Susan Granger’s review of “Everything Everywhere All at Once” (A24)

Never has there been a more truthful title. In “Everything Everywhere All at Once,” the filmmakers adhere to the motto that too much is never enough.

Married for many years, demanding Evelyn (Michelle Yeoh) and henpecked Waymond Wang (Ke Huy Quan), born and raised in China, own and operate a laundromat in California’s Simi Valley.

They’re currently coping with long-festering marital problems along with a threatening IRS tax audit at which surly Agent Deirdre Beaubeirdra  (Jamie Lee Curtis) threatens to seize their business and personal assets.
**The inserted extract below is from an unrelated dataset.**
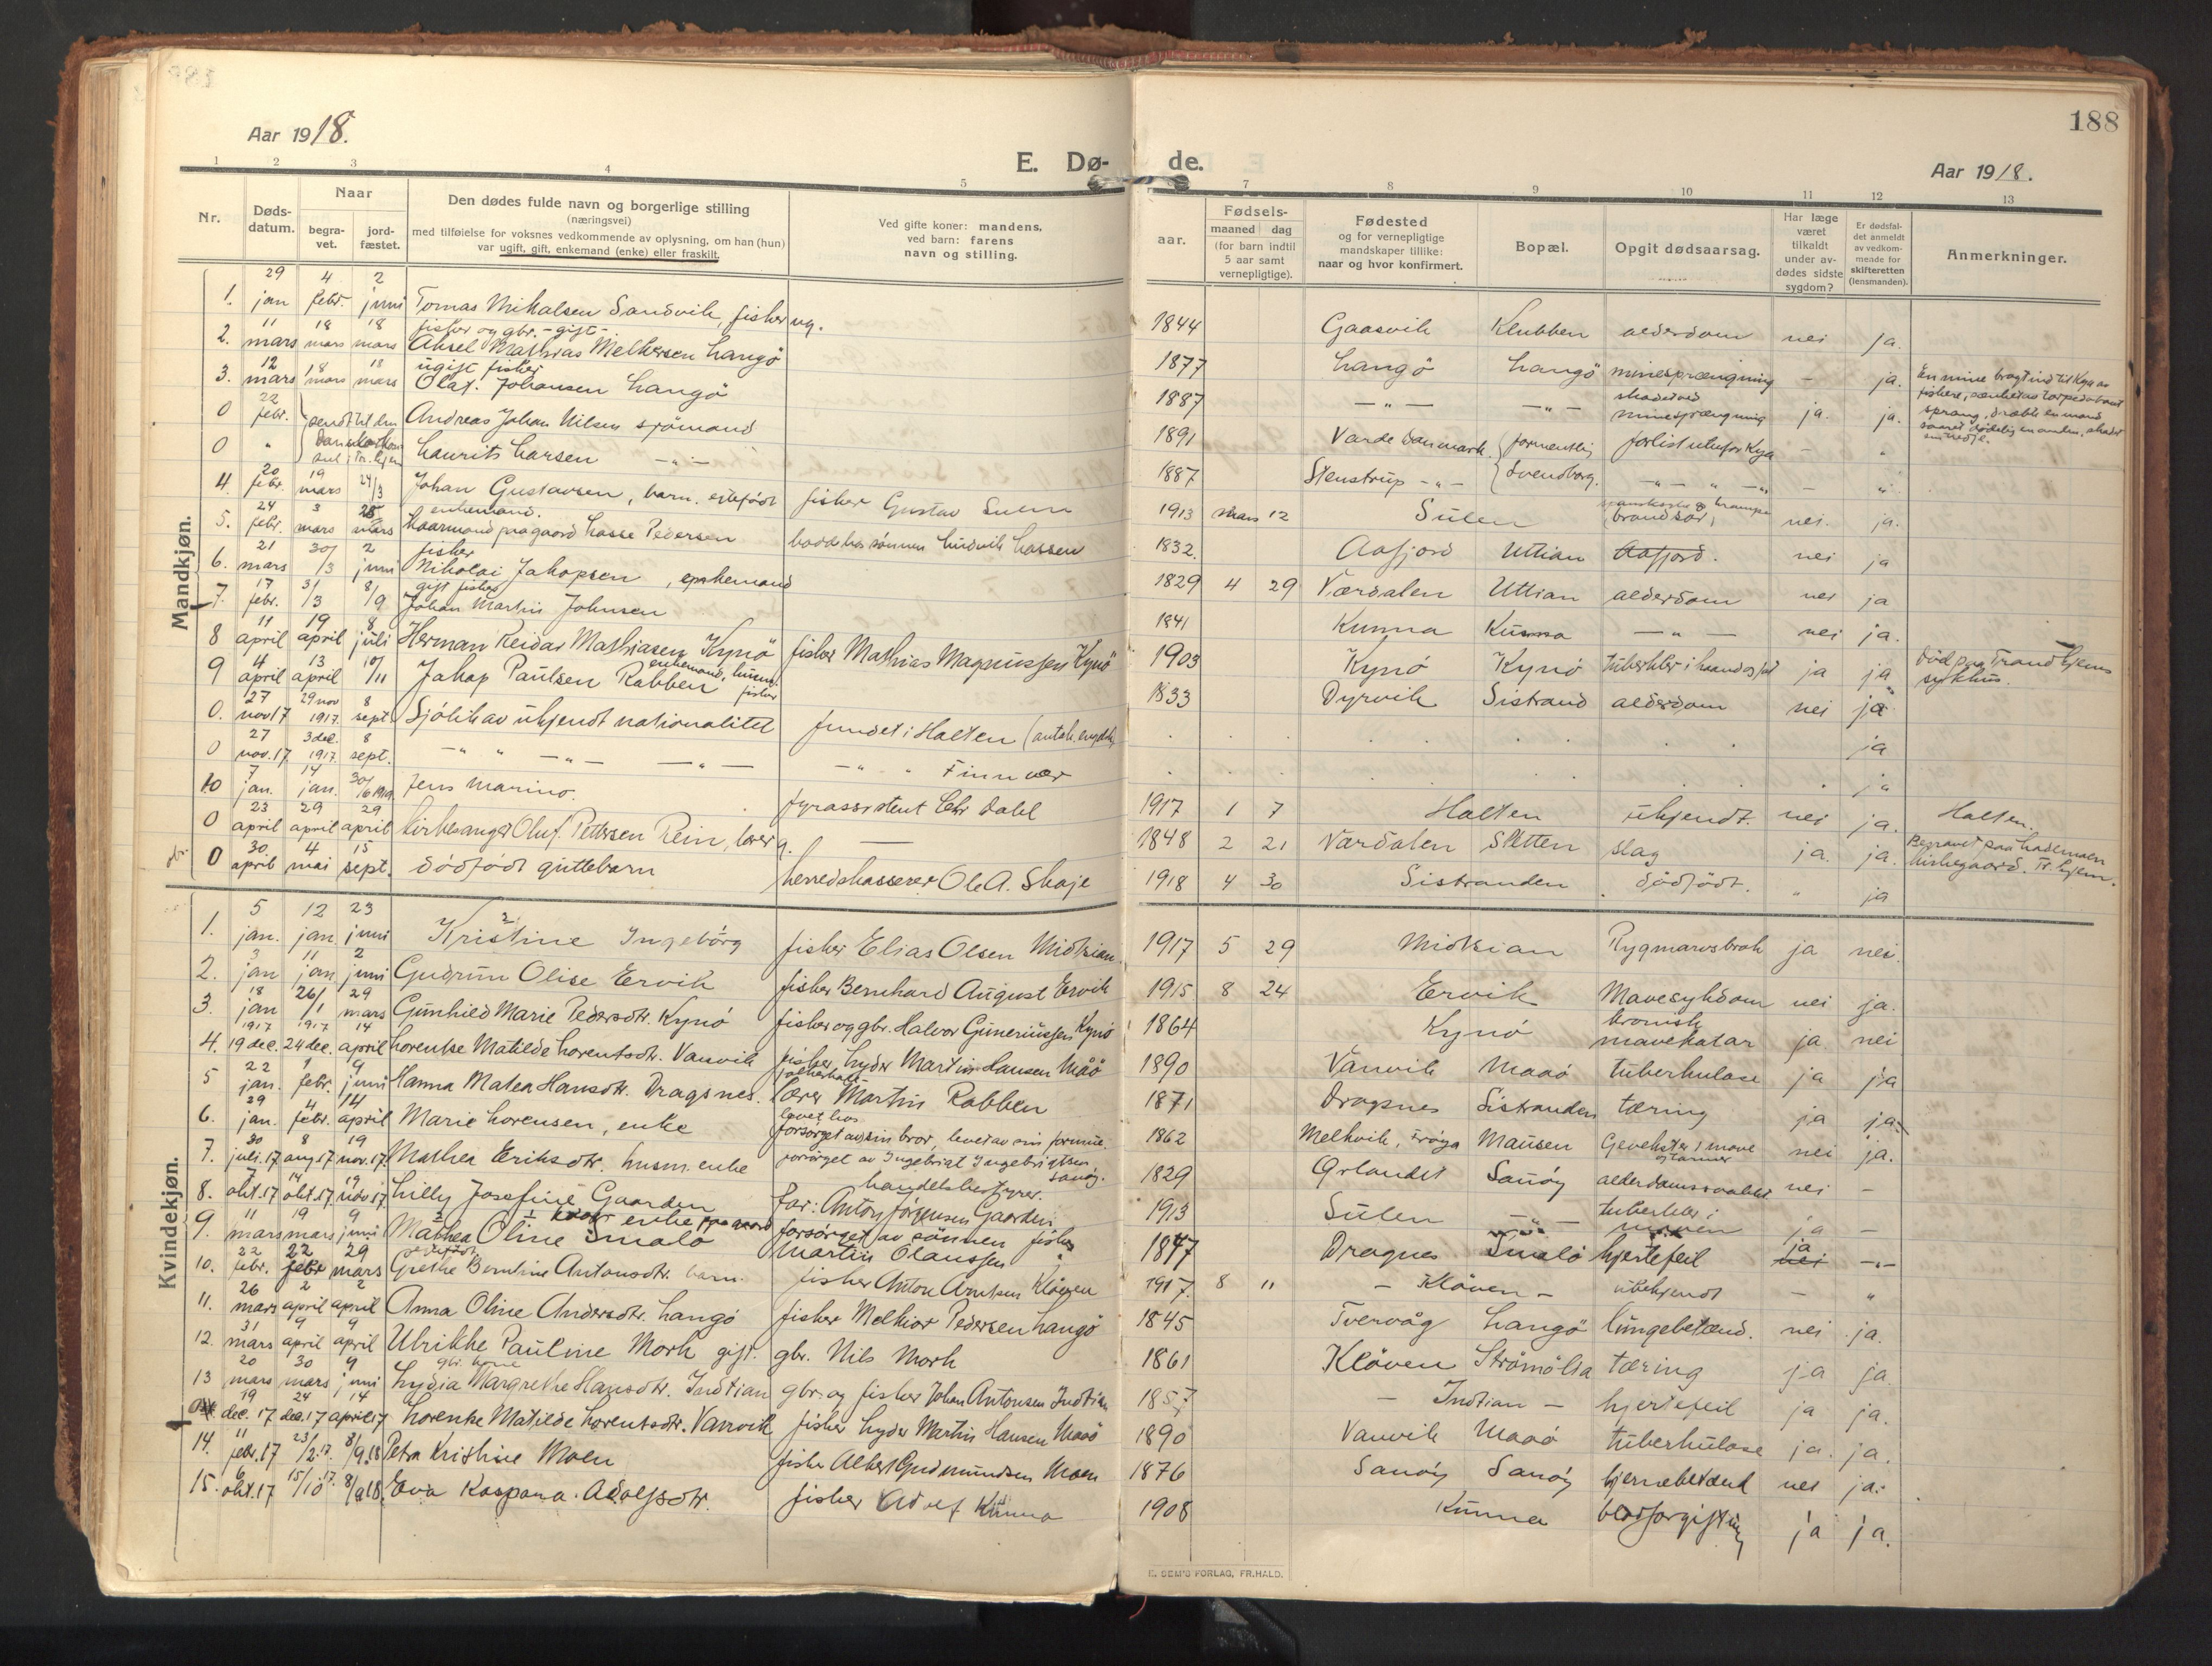 SAT, Ministerialprotokoller, klokkerbøker og fødselsregistre - Sør-Trøndelag, 640/L0581: Ministerialbok nr. 640A06, 1910-1924, s. 188

Meanwhile, Evelyn’s judgmental father (James Hong) is visiting from China and their exasperated lesbian daughter Joy (Stephanie Hsu)  wants to bring her girlfriend Becky (Tallie Medel) to their Chinese New Year party.

In the midst of Evelyn’s angst, inexplicably transformed Waymond gives her a set of instructions to enter a chaotic, surreal multiverse, which details the many alternate lives she could have lived.

Instead of leaving China, for example, Evelyn could have become a glamorous kung fu action star – or a knife-wielding hibachi chef.

In further hyper-edited, verse-jumping flights of fancy, harried Evelyn and aggressive Deirdre become lovers, intertwining hotdog-like fingers, squirting mustard and ketchup. Or become boulders perched on a cliff, or pinatas dangling from a tree. In a parallel dimension, Joy becomes Evelyn’s anarchist adversary, Jobu Tupaki, touting the Everything Bagel.

Filmmakers Daniel Kwan and Daniel Scheinert , best known for casting Daniel Radcliffe as a flatulent corpse in the absurdist “Swiss Army Man” (2016), bill themselves simply as the Daniels.

Working with cinematographer Larkin Seiple and production designer Jason Kisvarday, they’ve concocted this new, somewhat incoherent, mind-bending, sci-fi fantasy, pivoting around self-discovery and the existential parent/child bond.

The best parts involve Jamie Lee Curtis’ physical transformation into frumpy Deirdre and iconic Michelle Yeoh’s martial arts skill; stuntman Timothy Eulich coordinated the challenging wirework. But it’s like watching a deftly structured “Sliding Doors” concept become an action-packed, cacophonous “Cloud Atlas.”

On the Granger Gauge of 1 to 10, “Everything Everywhere All at Once” is a fragmented, frenetic 5, playing in theaters.